In that city there lived of old time a king named Brahmadatta, §[4]exclusively devoted to Śiva, a patron of Bráhmans, brave, generous, and compassionate. His commands passed current through the earth, they stumbled not in rocky defiles, they were not whelmed in seas, there were no continents which they did not cross. He had a queen named Somaprabha,||[5] who was dear and delightful to him as the moonlight to the chakora, and he was as eager to drink her in with his eyes. And he had a Bráhman minister named Śivabhúti, equal to Vŗihaspati in intellect, who had fathomed the meaning of all the Śastras.

One night, that king, as he was lying on a bed on the top of a palace exposed to the rays of the moon, saw a couple of swans crossing through the air, with bodies of gleaming gold, looking like two golden lotuses opened in the water of the heavenly Ganges, ¶[6] and attended by a train of king-geese. When that wonderful pair had passed from his eyes, the king was for a long time afflicted, and his mind was full of regret at no longer enjoying

  1. * Pitámaháh must be a misprint for pitámahah, as is apparent from the India Office MSS.

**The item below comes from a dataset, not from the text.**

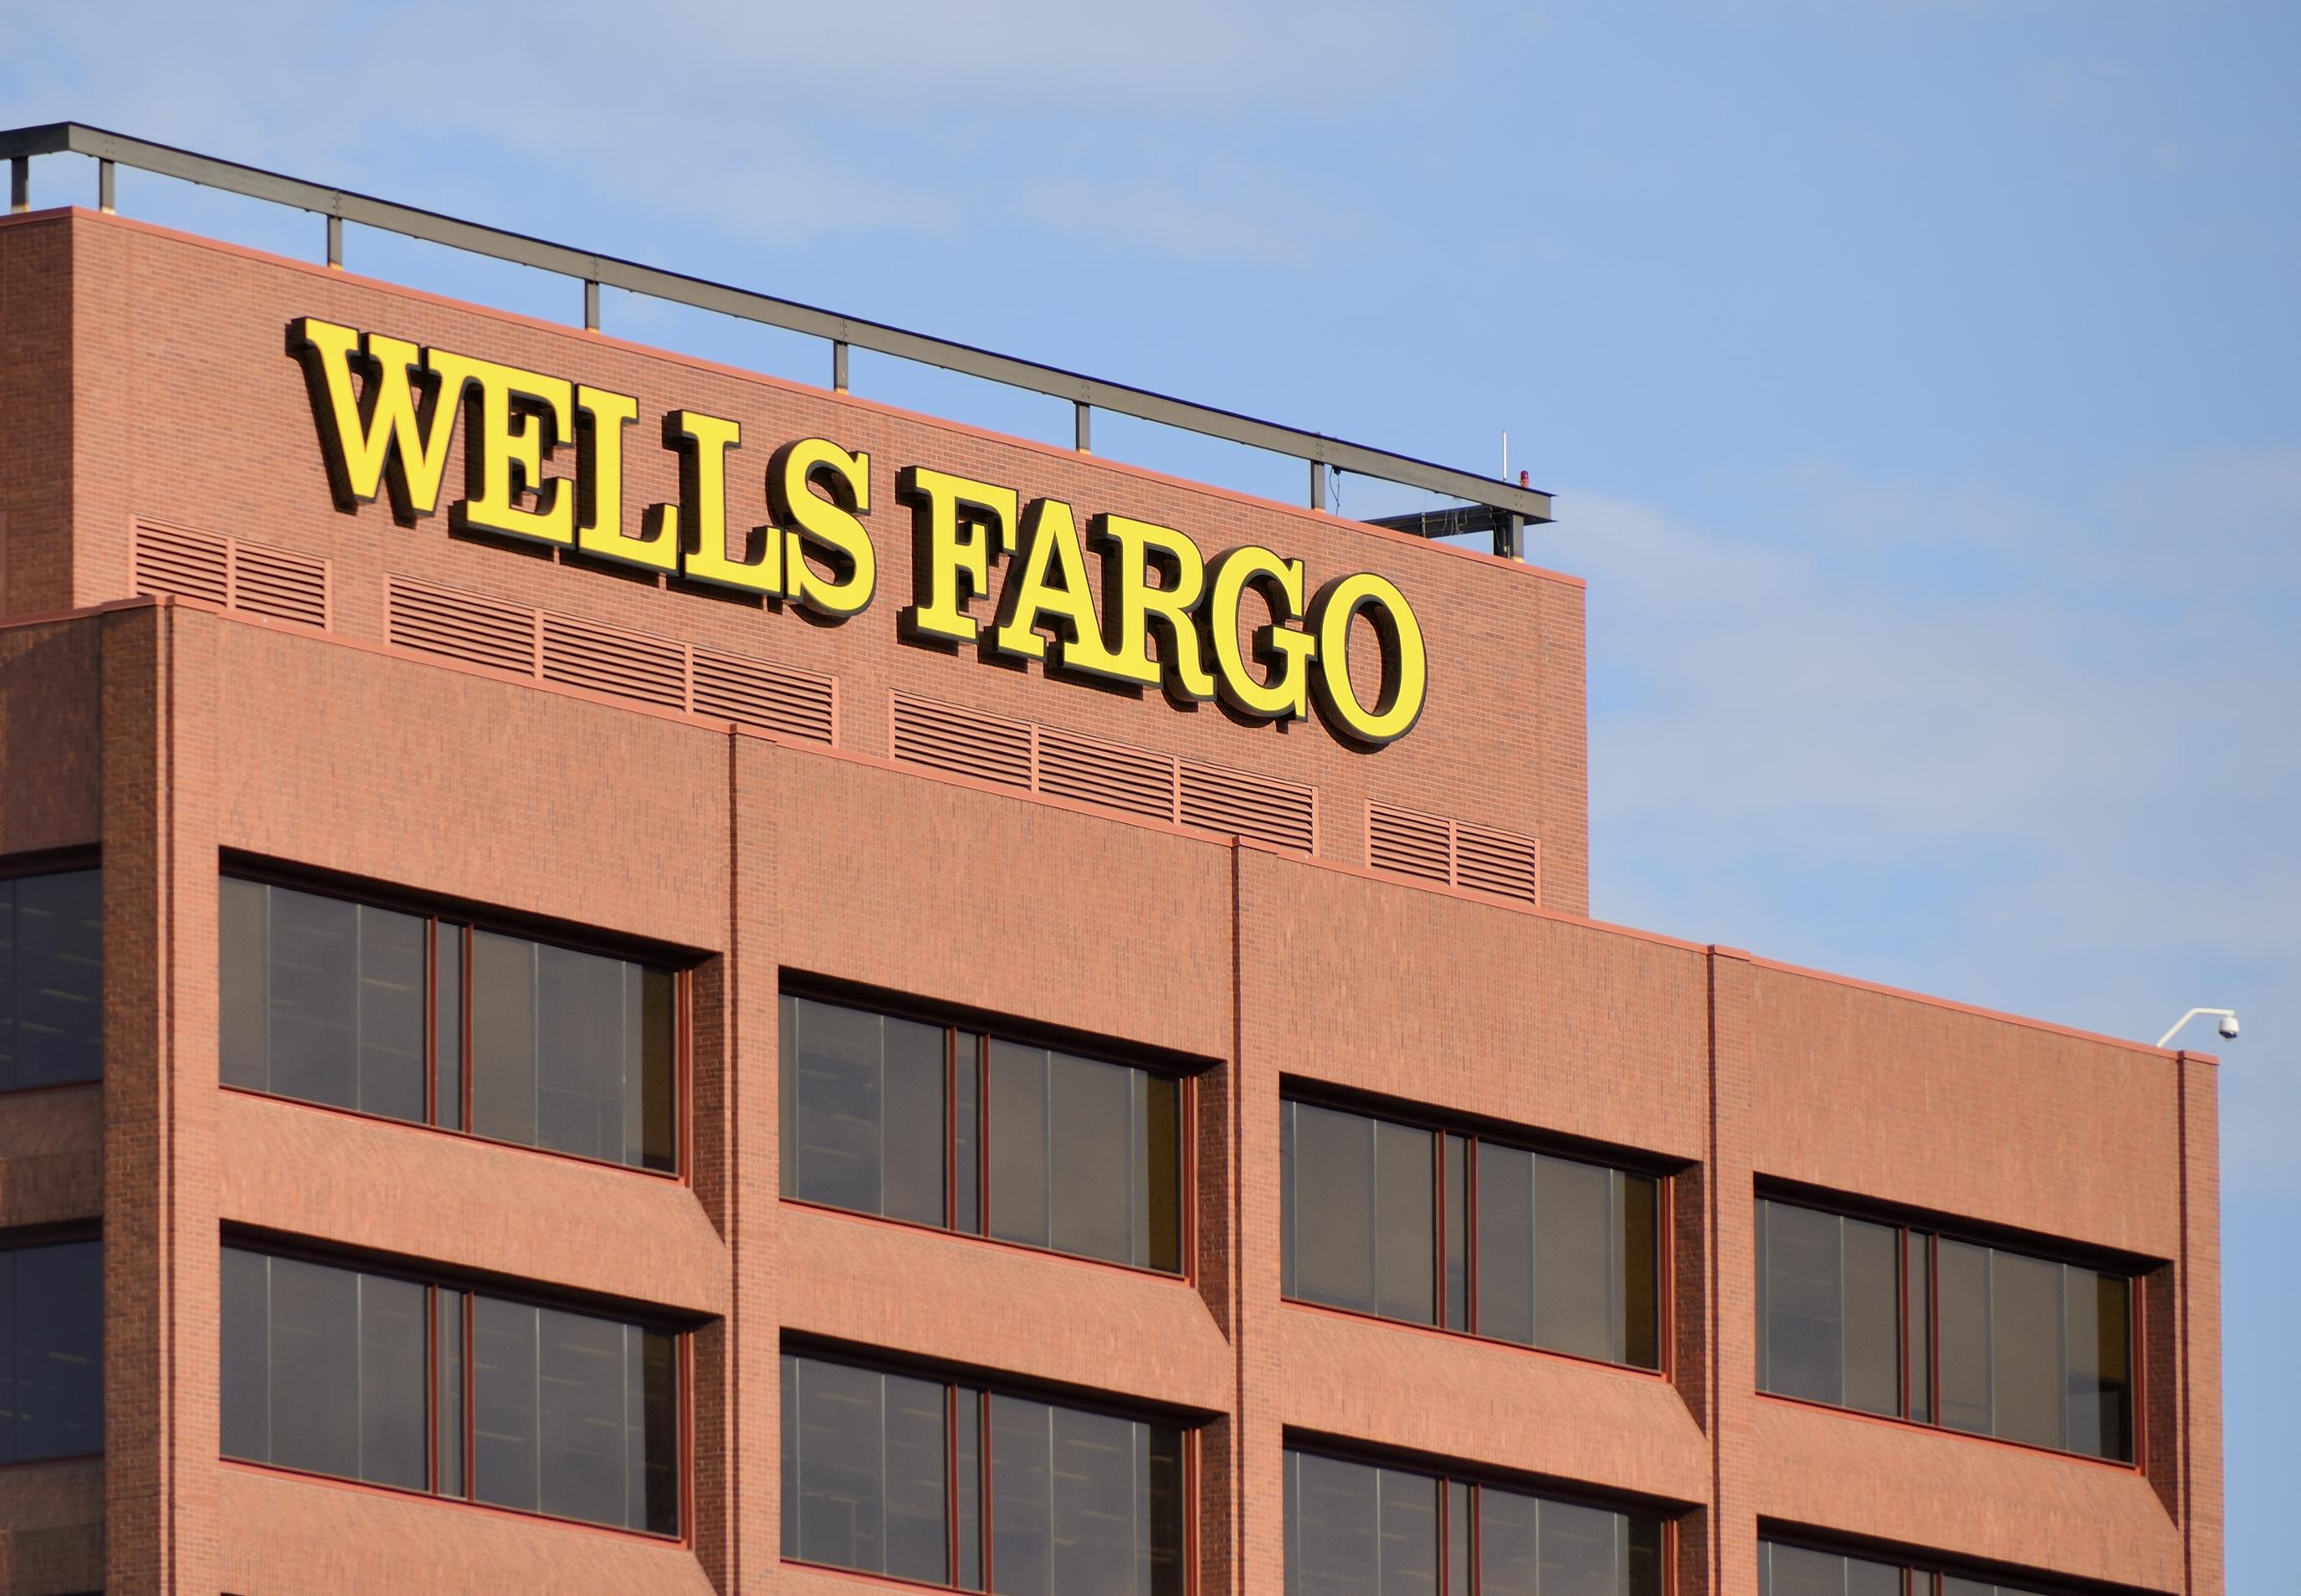 A Wells Fargo building in Philadelphia.

  2. † This story is in the original prefaced by " Iti Padmávatí kathá." It continues to the end of the book, but properly speaking, the story of Padmávati does not commence until chapter 115.
  3. ‡ There is a reference to the sectaries of Śiva in Benares, and the Ganas of Śiva on mount Kailása.
  4. § Here we have a longer form of the story of Brahmadatta found on pp. 12 and 13 of Vol. I. Dr. Rajendralal Mitra informs me that it is also found in a MS. called the Bodhisattva Avadána, one of the Hodgson MSS.'
  5. || i.e., moonlight.
  6. ¶ There is probably a double meaning. The clouds are compared to the Ganges, and it is obvious that geese would cluster round lotuses.